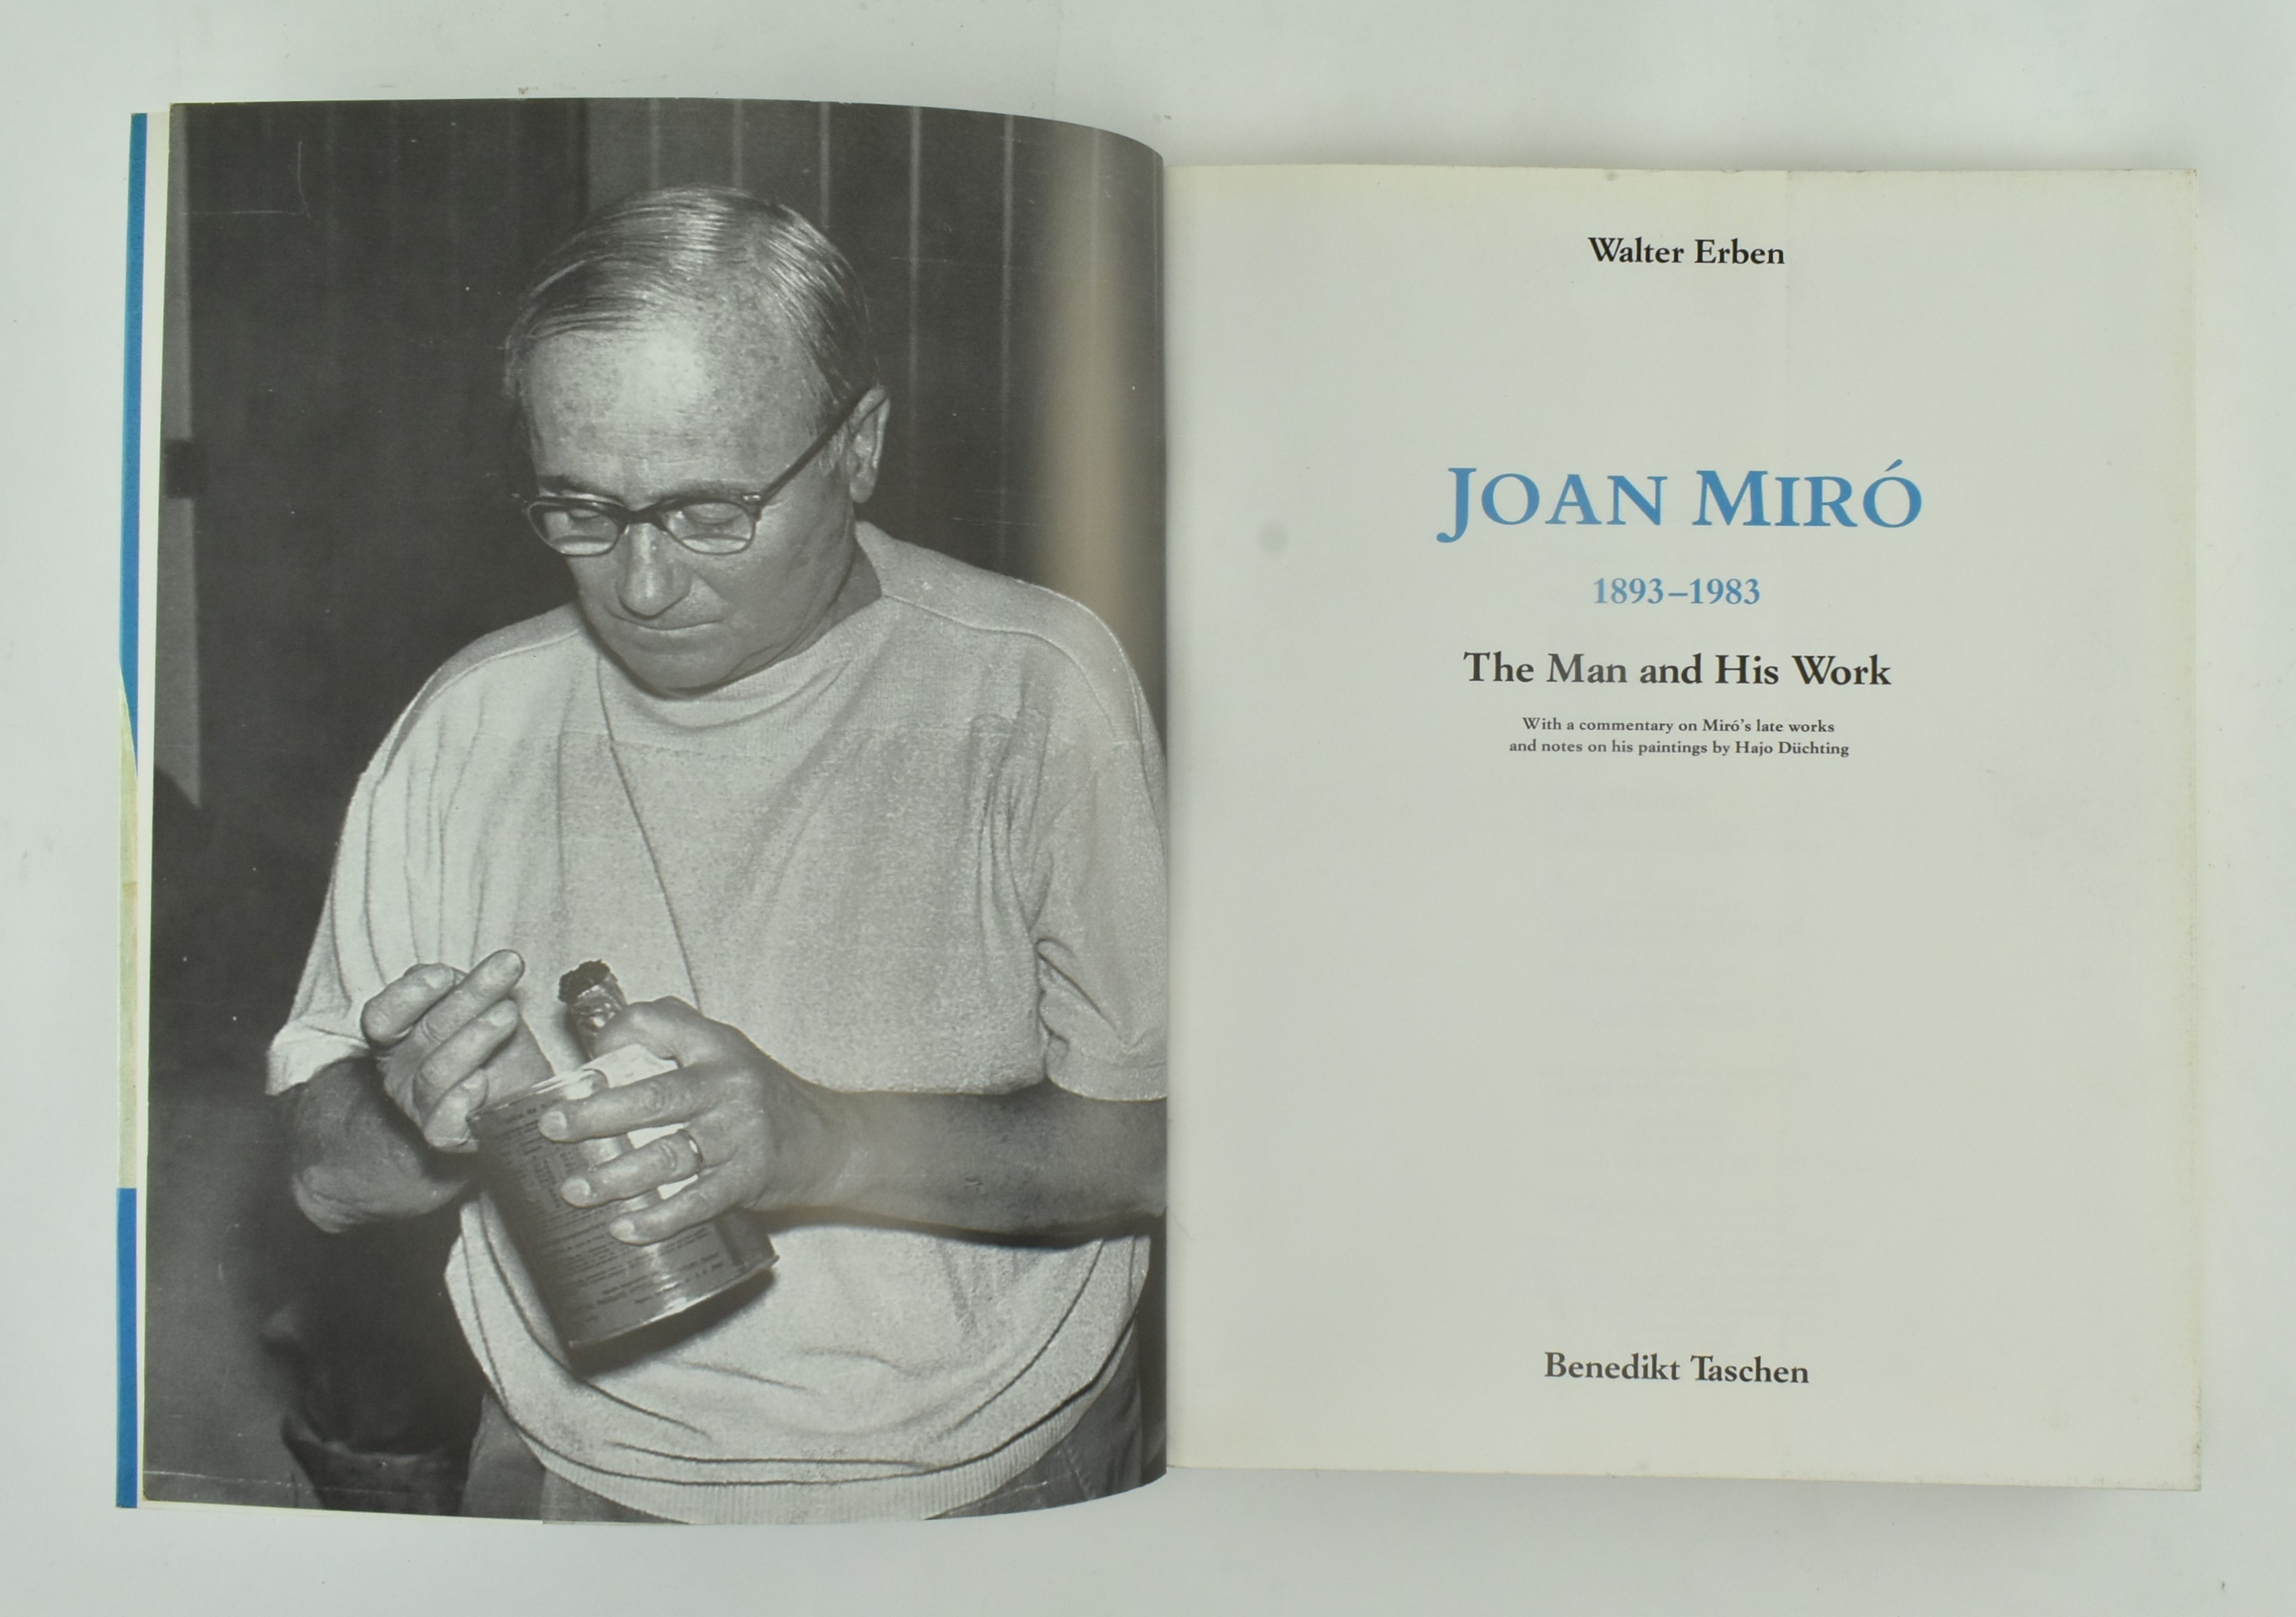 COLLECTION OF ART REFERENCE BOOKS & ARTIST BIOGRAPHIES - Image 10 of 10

◇ ◇ ◇ ◇ ◇ ◇ ◇

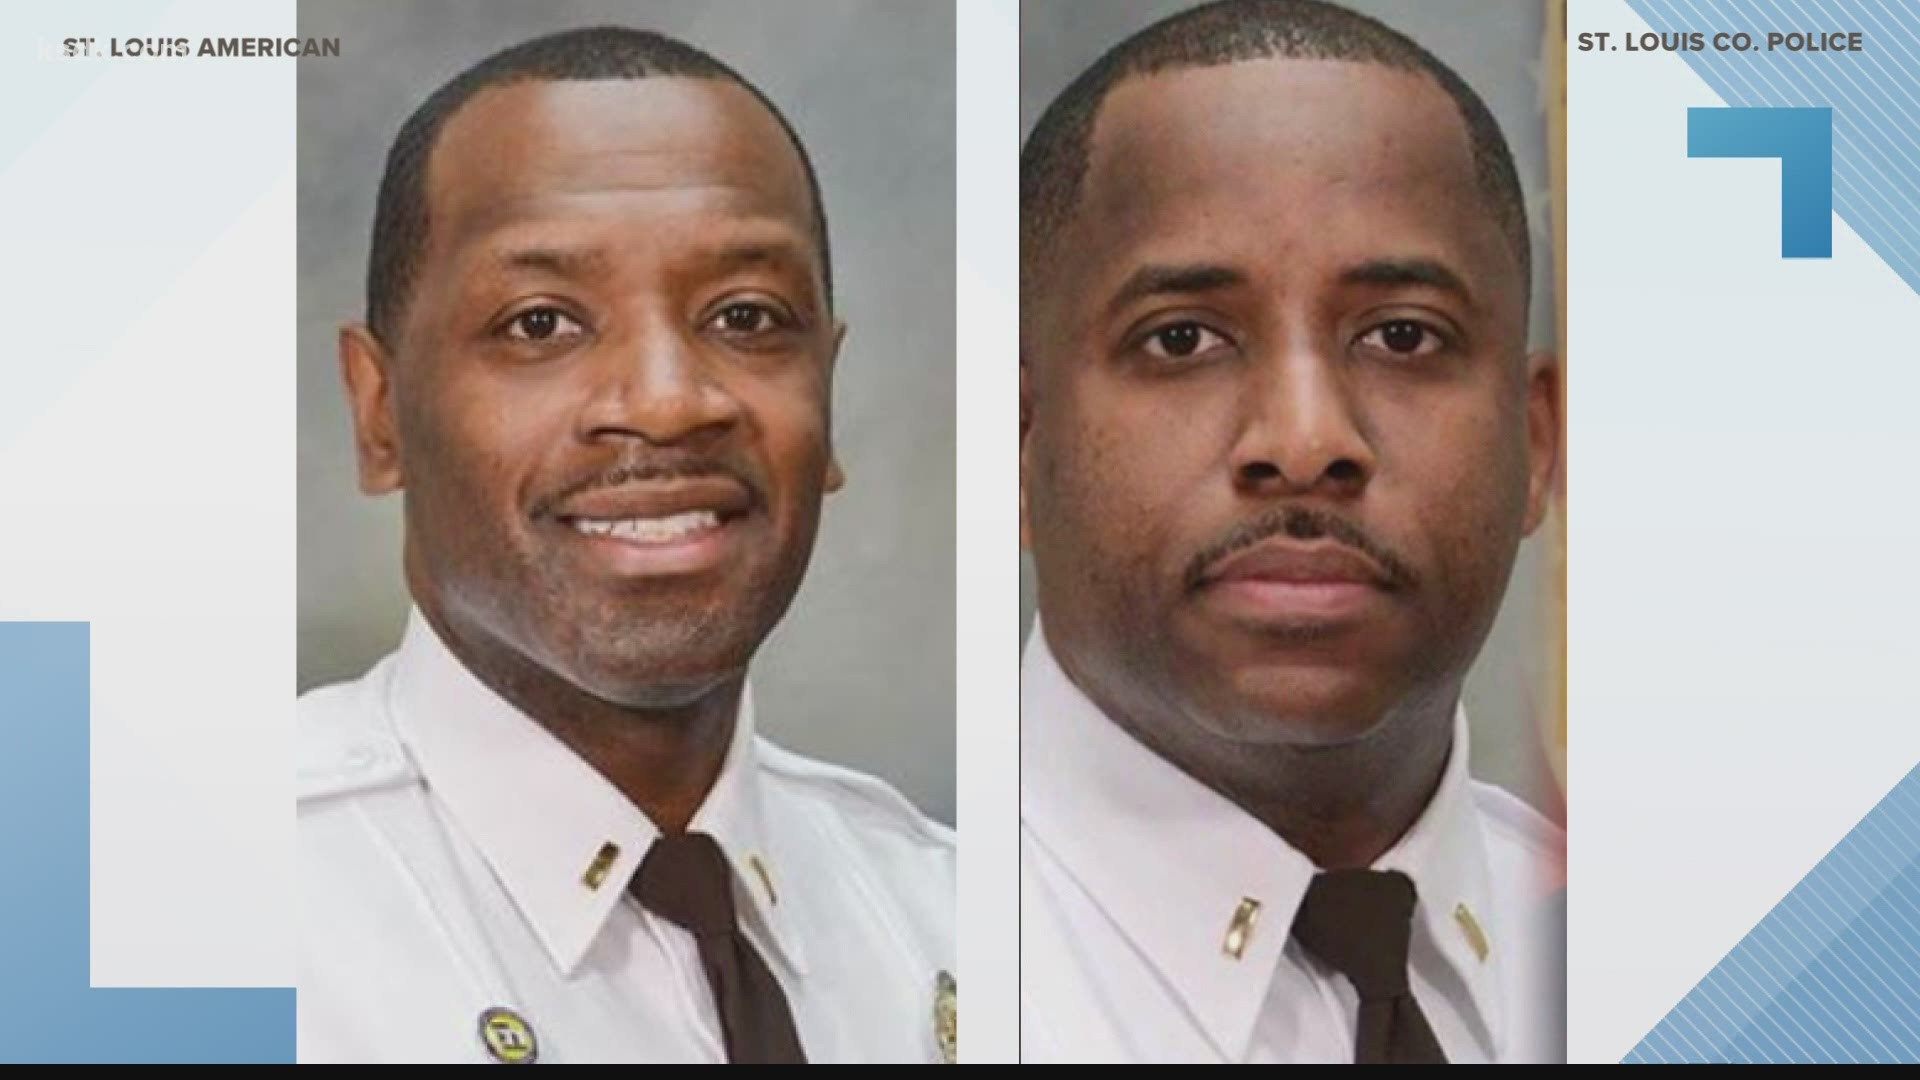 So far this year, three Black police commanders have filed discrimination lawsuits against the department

◇ ◇ ◇ ◇ ◇ ◇ ◇

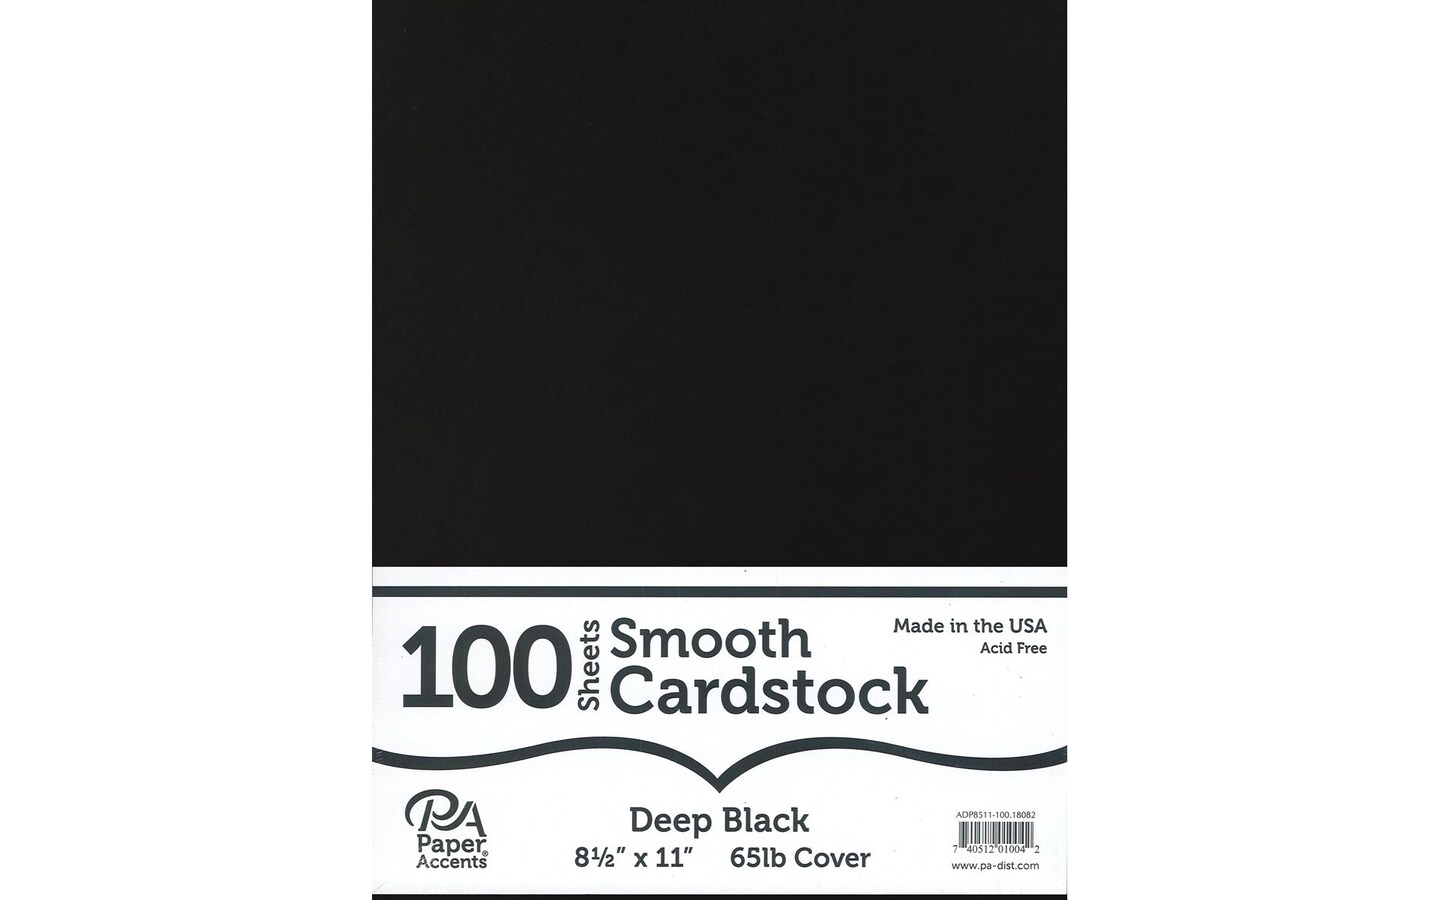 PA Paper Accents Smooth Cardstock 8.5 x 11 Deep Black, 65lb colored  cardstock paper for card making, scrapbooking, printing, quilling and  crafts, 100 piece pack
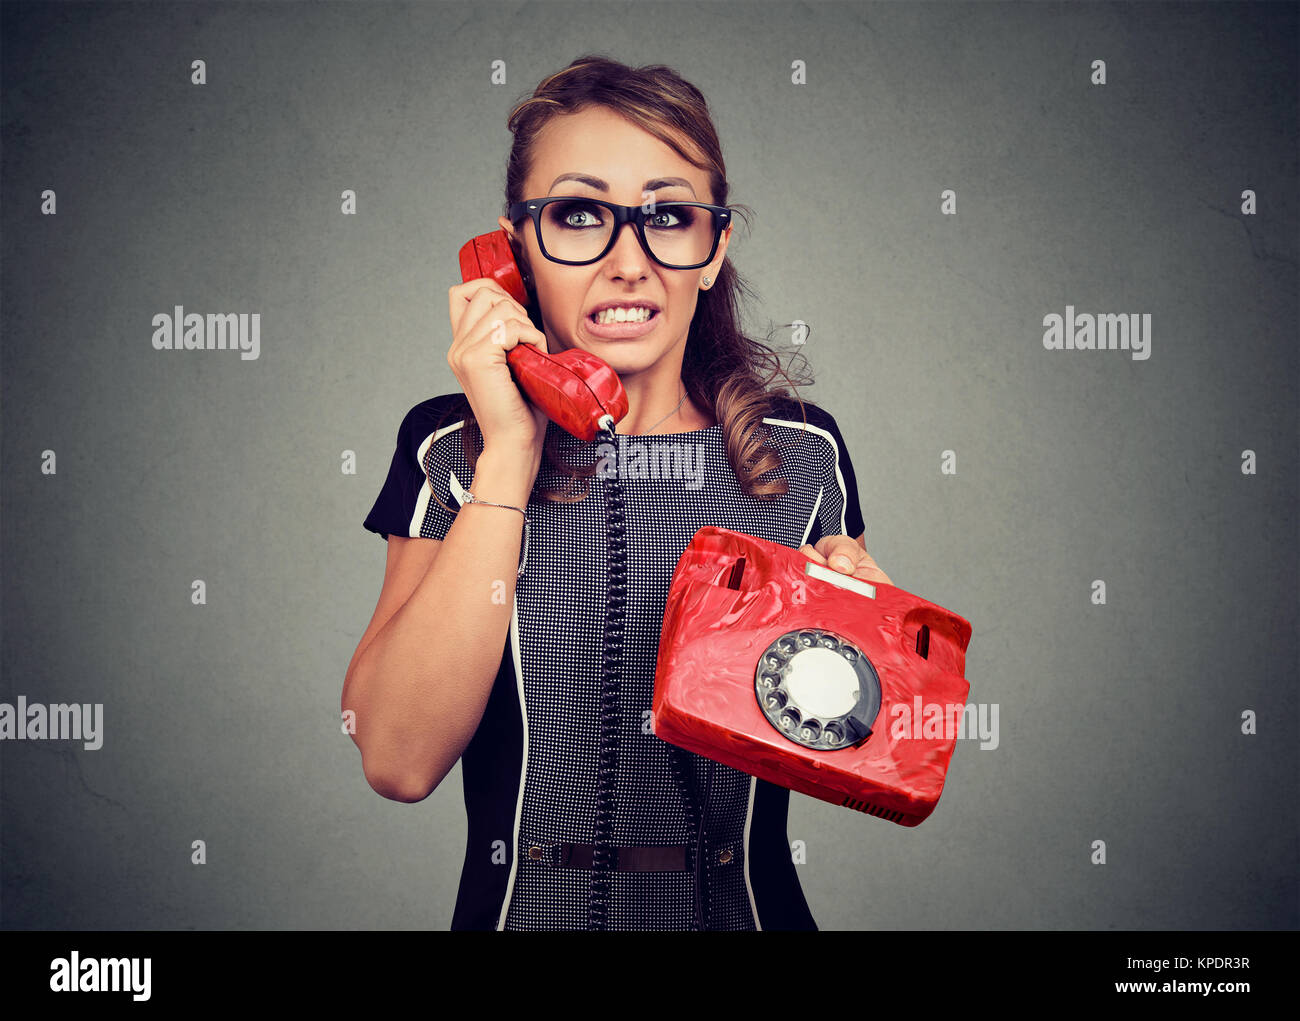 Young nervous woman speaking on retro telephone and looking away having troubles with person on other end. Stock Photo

◇ ◇ ◇ ◇ ◇ ◇ ◇

## Task item:
Return only the part above that opens with the line containing "PA Paper Accents" and closes with the line containing "Young nervous woman", exactly and with both ends, skipping the pictures.

## Exercise response:
 PA Paper Accents Smooth Cardstock 8.5 x 11 Deep Black, 65lb colored  cardstock paper for card making, scrapbooking, printing, quilling and  crafts, 100 piece pack
 Young nervous woman speaking on retro telephone and looking away having troubles with person on other end. Stock Photo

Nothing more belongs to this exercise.